In high-end microprocessor applications, arrays usually dominate critical paths of the machine, particularly in the core units. Like the L1 cache and its associate lookup-path arrays, SRAM macros typically have very aggressive timing in order to meet more demanding cycle-time goals. Internal timing control of these SRAM arrays, therefore, becomes crucial to avoid an impact on final chip yield and system frequency. For these reasons, previous generations of the IBM server SRAM design had programmable internal timing control to ensure hardware functionality. In the POWER6 processor, the introduction of a second SRAM-only power supply (Vcs) provides a new level of flexibility for array performance and functionality tuning. To couple this added power supply dimension, and to further support hardware optimization for yield, Vmin (minimum Vdd/Vcs), Vdiff (maximum Vdd/Vcs differential), and fmax (maximum frequency), the SRAM programmable timing design was improved. In addition to having fully adjustable local c1/c2 clocks for boundary L1/L2 latches within the array macros, all critical array internal timing for bit, word, and data paths have multiprogrammable local clock generators. Each of these programmable clock generators is controlled by a dedicated mode block containing a series of general-purpose test register (GPTR) latches that are scan initialized. By setting values of the GPTR latches, all critical internal timings of the array (such as clock chopper pulse width, word/bit/data path alignments) can be adjusted for wafer, module, or system tests to aid in hardware characterization and debugging. Yield enhancement, system maximum frequency (fmax) tuning, and Vmin/Vdiff optimization are attained. Figure 3 shows a simple block diagram of the POWER6 processor SRAM programmable timing control scheme.

Figure 3 Figure 3

Core arrays

L1 caches

The 96-KB L1 I-cache is a single-port SRAM, capable of either one 32-byte read or one 32-byte write for each core cycle. It is composed of six instances of the 16-KB array macro and is four-way set associative (512 entries × 4 ways × 68 bits wide). The 64-KB L1 dual-read D-cache can support either two 1-byte to 8-byte reads or one 1‐byte to 32-byte write per processing core cycle. It is composed of four copies of the macro and is eight-way set associative (256 × 8-ways × 72 writes, 512 × 8-way × 36 reads). It is a store-through cache, so store instruction data is also sent to the L2 cache.

D-cache
The 16-KB D-cache macro features a two-stage pipeline that supports two independent reads or one write per cycle. Each read port provides 4 bytes and is 512 entries deep, whereas the double-bandwidth write operation provides individual control of the 8 bytes to the two macro halves (upper and lower) in parallel. Write data is passed through to the outputs, and a byte-steering signal selects which output port the upper- and lower-order bytes are routed to on a write cycle. A wordline disable feature provides an effective bypass mode with no additional pipeline latches, since no cells are disturbed.

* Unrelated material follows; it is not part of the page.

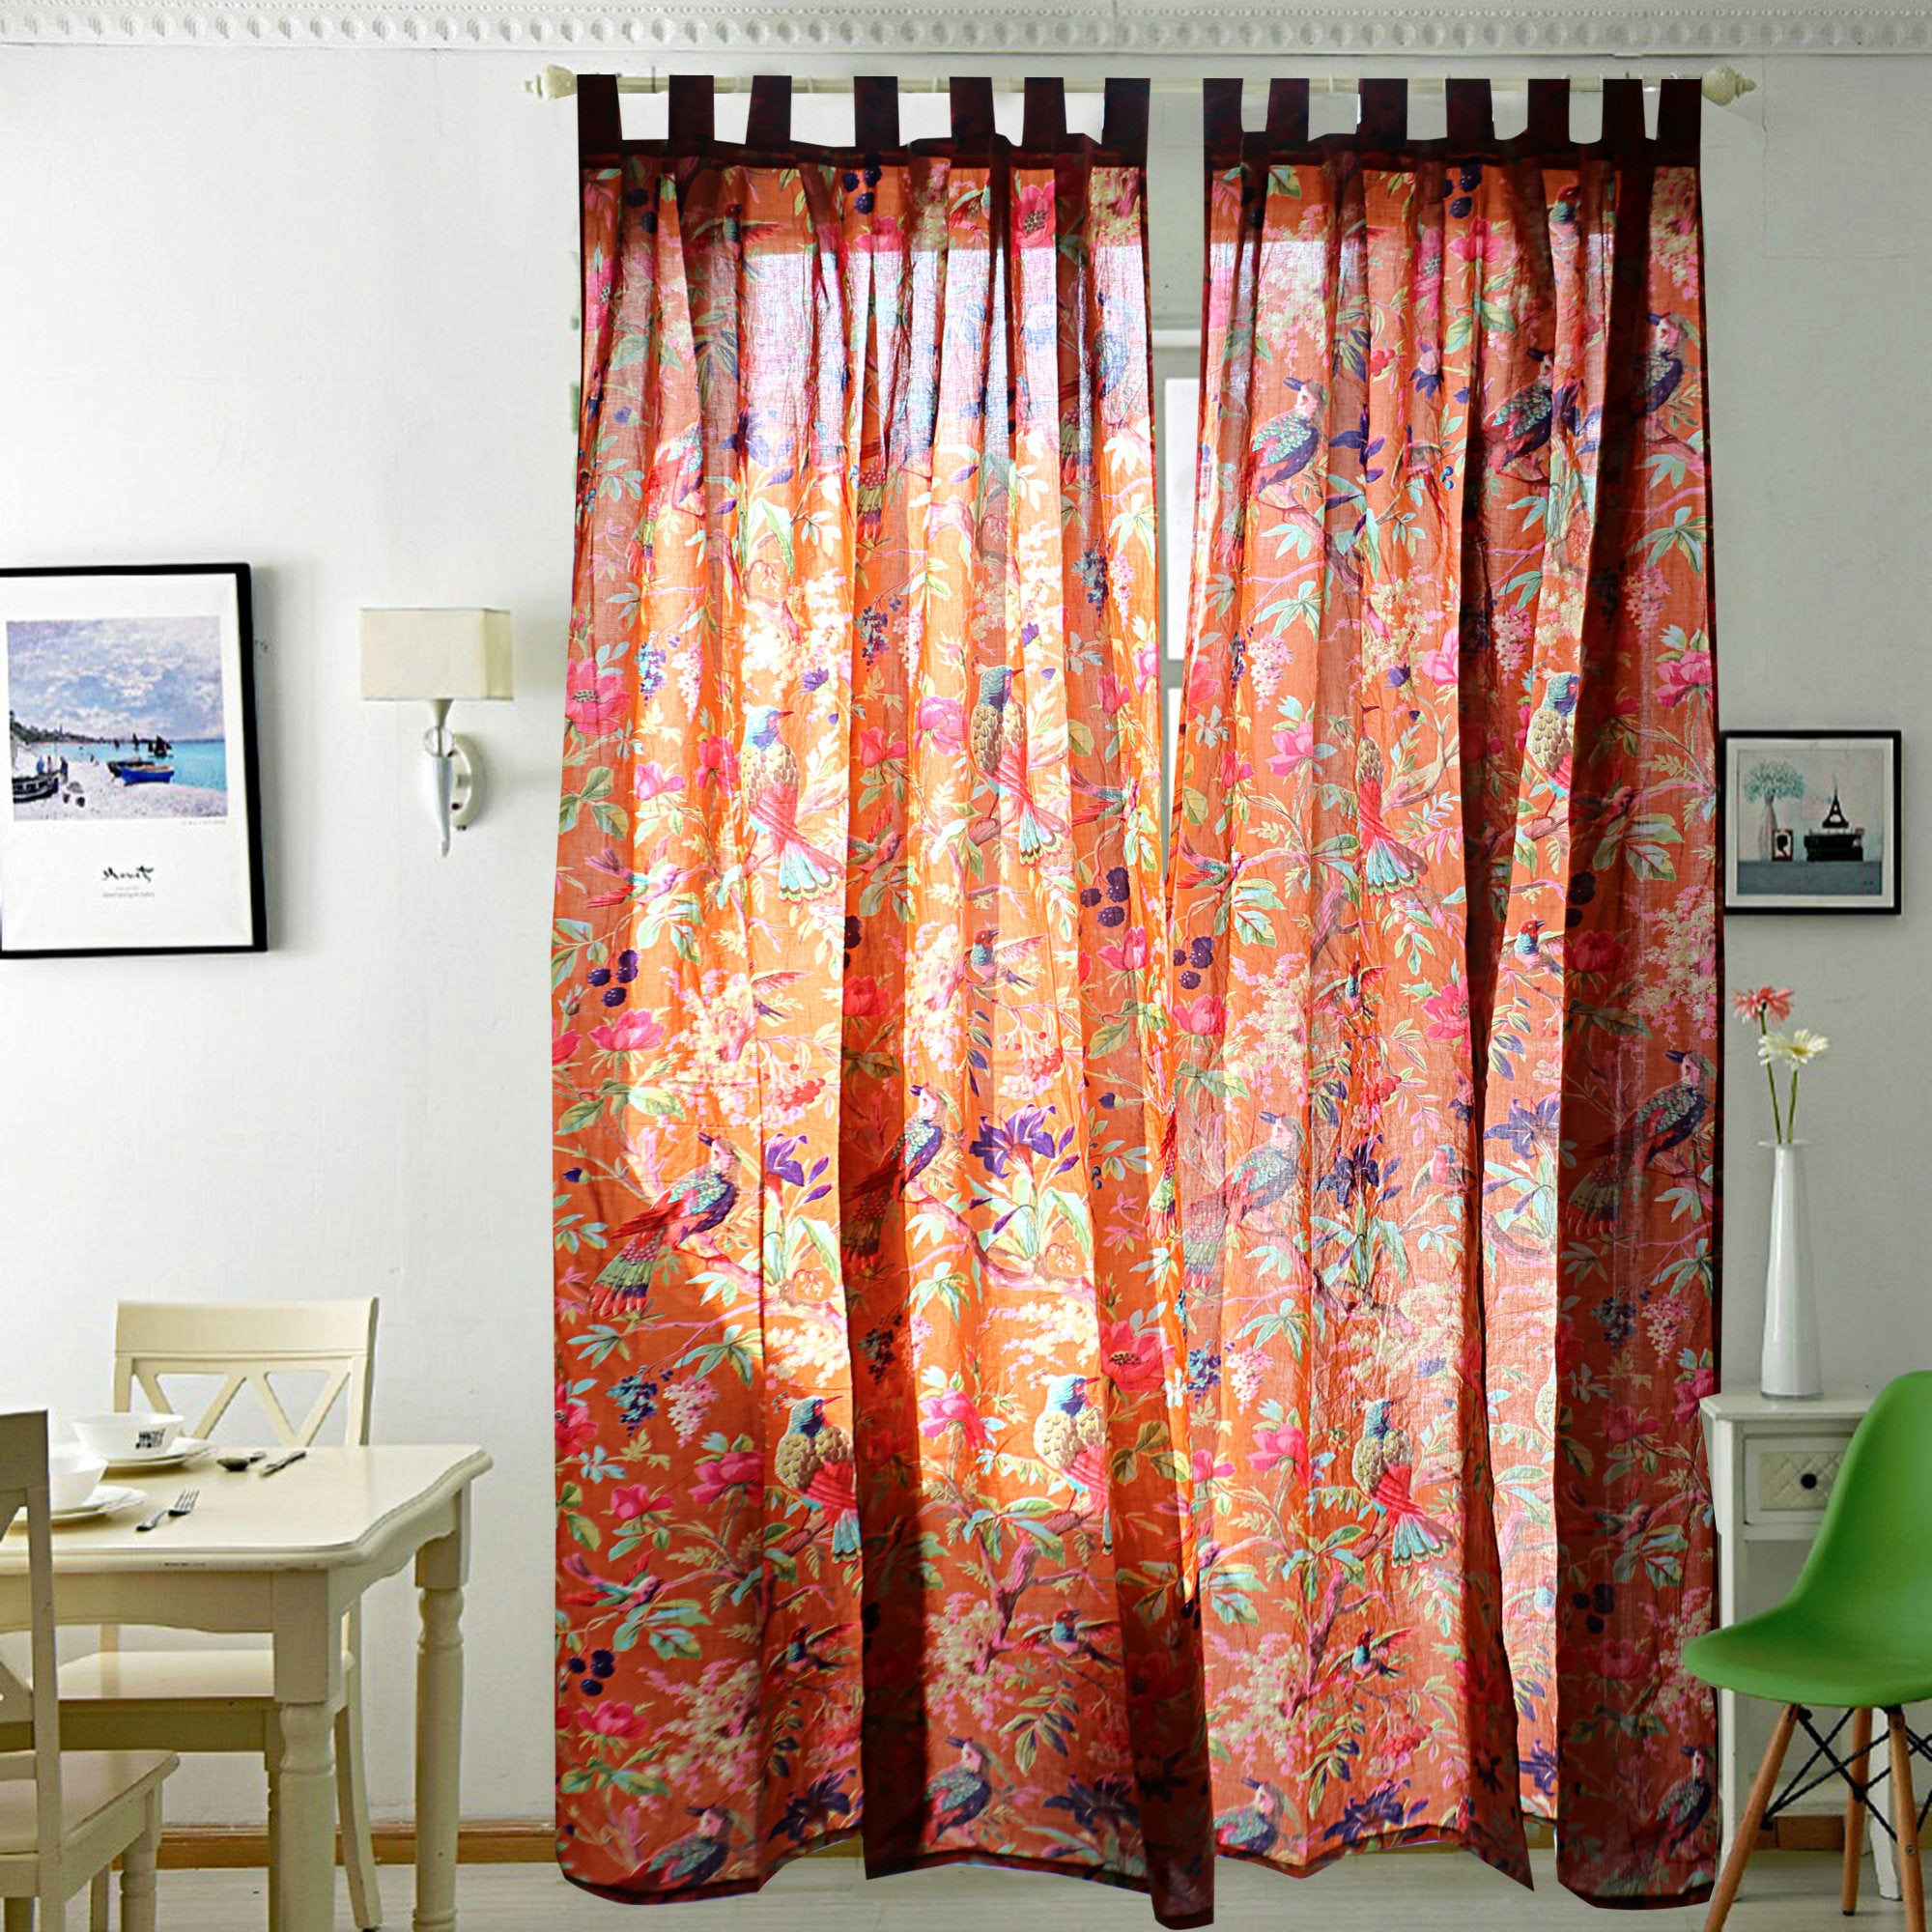 'Birds and Blooms' 100% Cotton Boho Curtains

The macro floorplan is shown in Figure 4. The memory cells are grouped into four vertical quadrants. Each vertical quadrant contains 72 active columns of cells and 2 spare columns for use in skip-over replacement, which uses additional FET switches to avoid a defective region. The 72 active columns are organized as nine groups of eight interleaved sets (9 bits = 1 byte). The macro is also divided horizontally, with the right and left halves each having its own central row decoder region. Each side contains 16 usable SAs and 1 spare SA for use in skip-over replacement. The combined column- and SA-based redundancy allows six repair actions per macro.

Figure 4 Figure 4

Read and write addresses are received in the center of the macro and combined into pre-decoded address signals. There are two identical sets of decoding circuits (one for each read port). The first-level pre-decoder multiplexes one of the read addresses with the write address. This first-stage pre-decoder uses a very narrow capture pulse and a wider enable pulse to create dynamic return-to-zero pulses that are propagated throughout the decoder tree. The narrow capture pulse eliminates the need for a separate inline latch on the address inputs within the macro.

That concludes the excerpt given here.